Friday, December 23, 2011

Inventor of Microscope Zacharias Janssen

Zacharias Janssen was born in 1580 in the country Windmills, Holland, and died at the age of 58 years or more precisely in 1638. is a scientist who originated from the Netherlands. His discovery of the most famous is the first microscope that is used to view objects that are very small in size and difficult to reach when using the naked eye. The invention of this microscope provides a major influence on the development of science and not a few of the great discoveries that are beneficial to world civilization examined using a microscope.
He realized very well that in this world there are objects with a smaller size and difficult to reach with the naked eye. In 1590, along with his father, he succeeded in creating a microscope by using convex and concave lenses to zoom in objects of very small size. The first focus adjustment mechanism for the microscope was made and perfected by Campini, a scientist who comes from Italy, in 1668.

The findings of the microscope when it encourages other scientists, including Galileo Galilei (Italy), to make the same tool. Even Galileo dririnya claim as the creator of the first that has made this tool in 1610.
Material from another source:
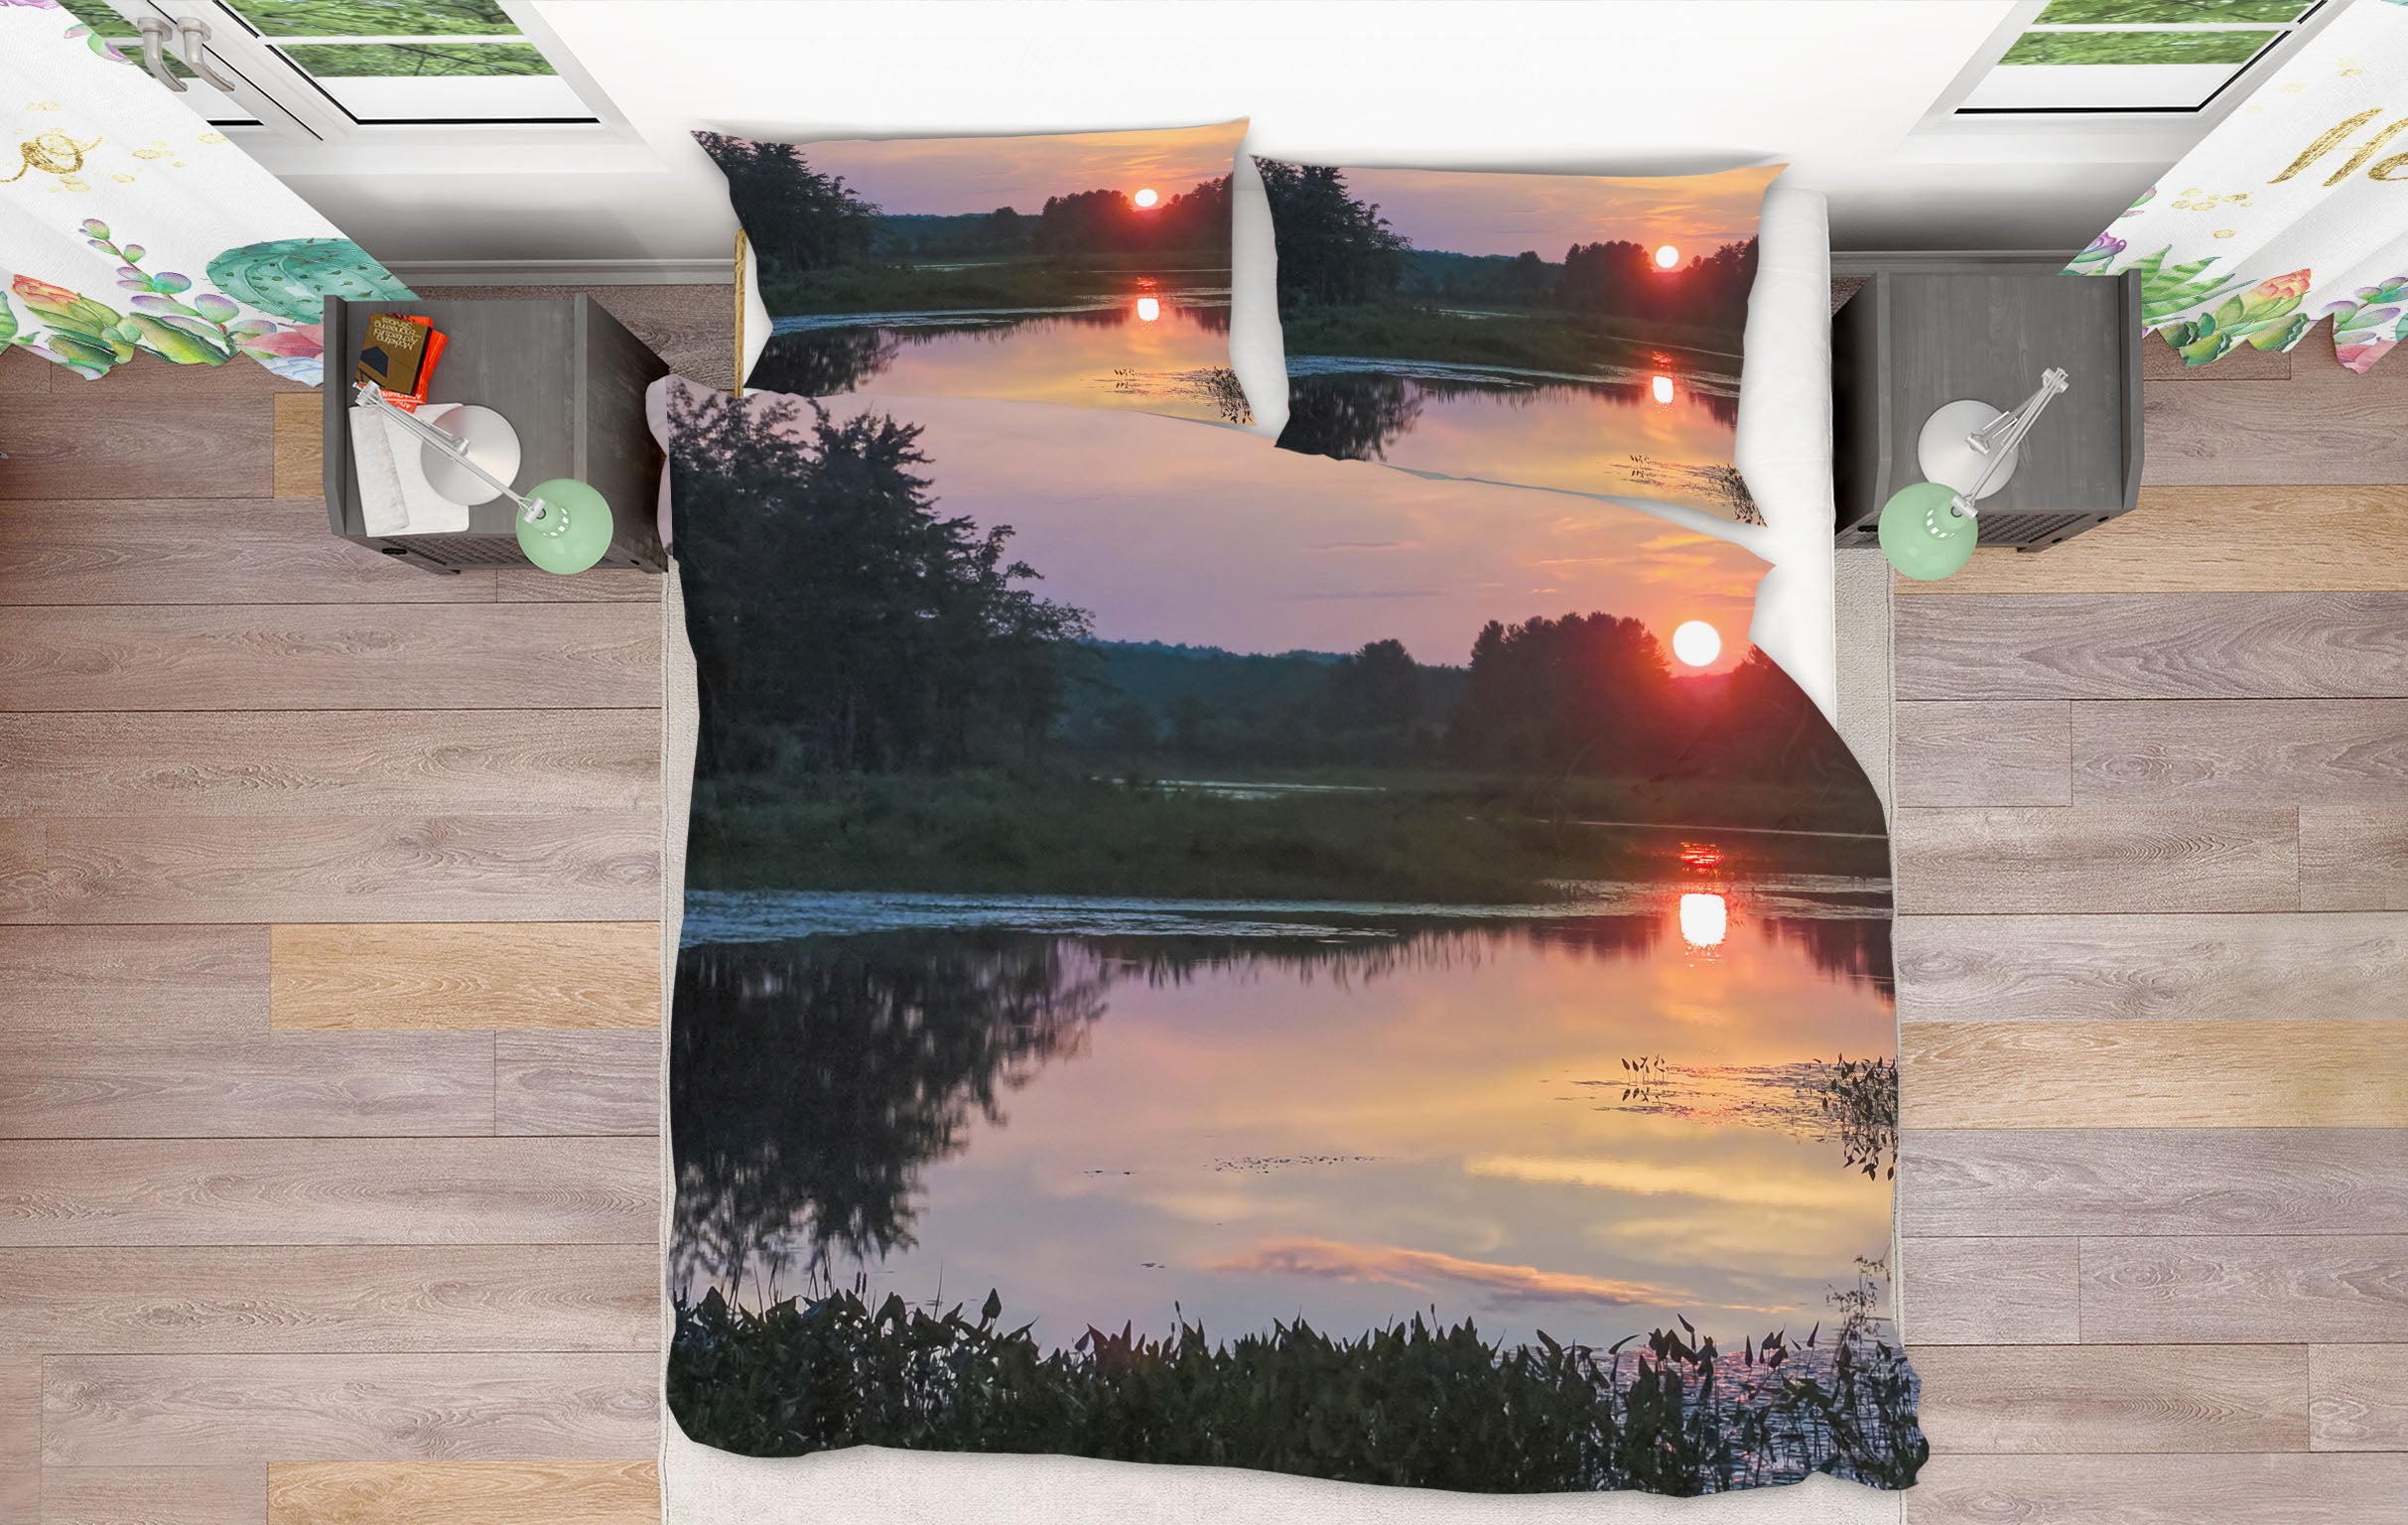 3D Sunset Marsh 1028 Jerry LoFaro bedding Bed Pillowcases Quilt

Galileo completed in 1609 the manufacture of microscopes and microscopy are given the same name made by the inventor, the Galileo microscope. This type of microscope use optical lenses, so-called optical microscopes. Microscopes are assembled from optical lenses have limited ability in increasing the size of the object. This is caused by the diffraction limit of light is determined by the wavelength of light. Theoretically, the wavelength of light is only up to about 200 nanometers. To that end, the lens-based optical microscope can not observe the size below 200 nanometers.

After that, a Dutch national named Antony van Leeuwenhoek (1632-1723) continues to develop microscopic magnification. Antony Van Leeuwenhoek's actually not a professional researcher or scientist. Is actually a profession as 'wine terster' in the city of Delft, The Netherlands. He used a magnifying glass to observe the fiber-seratpada cloth. But the great curiosity of the universe makes it one of the inventors of microbiology.


Leewenhoek using a very simple microscope to observe the river water, rain water, saliva, feces, and so forth. He is interested with many small objects that can move are not visible with the naked eye. He calls the move objects with 'animalcule' according to which the animals are very small. This discovery made him more enthusiastic in observing objects had to further improve the microscope. This is done by stacking more of the lens and put it on a silver plate. Finally Leewenhoek create a microscope that can magnify 250 200-300 times. Leewenhoek keep detailed results of these observations danmengirimkannya to the British Royal Society. One of the contents of his first letter on 7 September 1674 he described the presence of very small animals which is now known as protozoa. Between the years 1963-1723 he wrote more than 300 letters that reported various observations. One of them is the form of rods, cocci or spiral which is now known as bacteria. The findings make the world aware of the existence of a very small life forms that eventually gave birth to the science of microbiology.

When In Europe, the microscope has been known since the 17th century and used to see the animals kind of microbe. Interestingly, Japanese people love to use it for observing small insects, and the results of the books contain detailed descriptions of the concerning insects.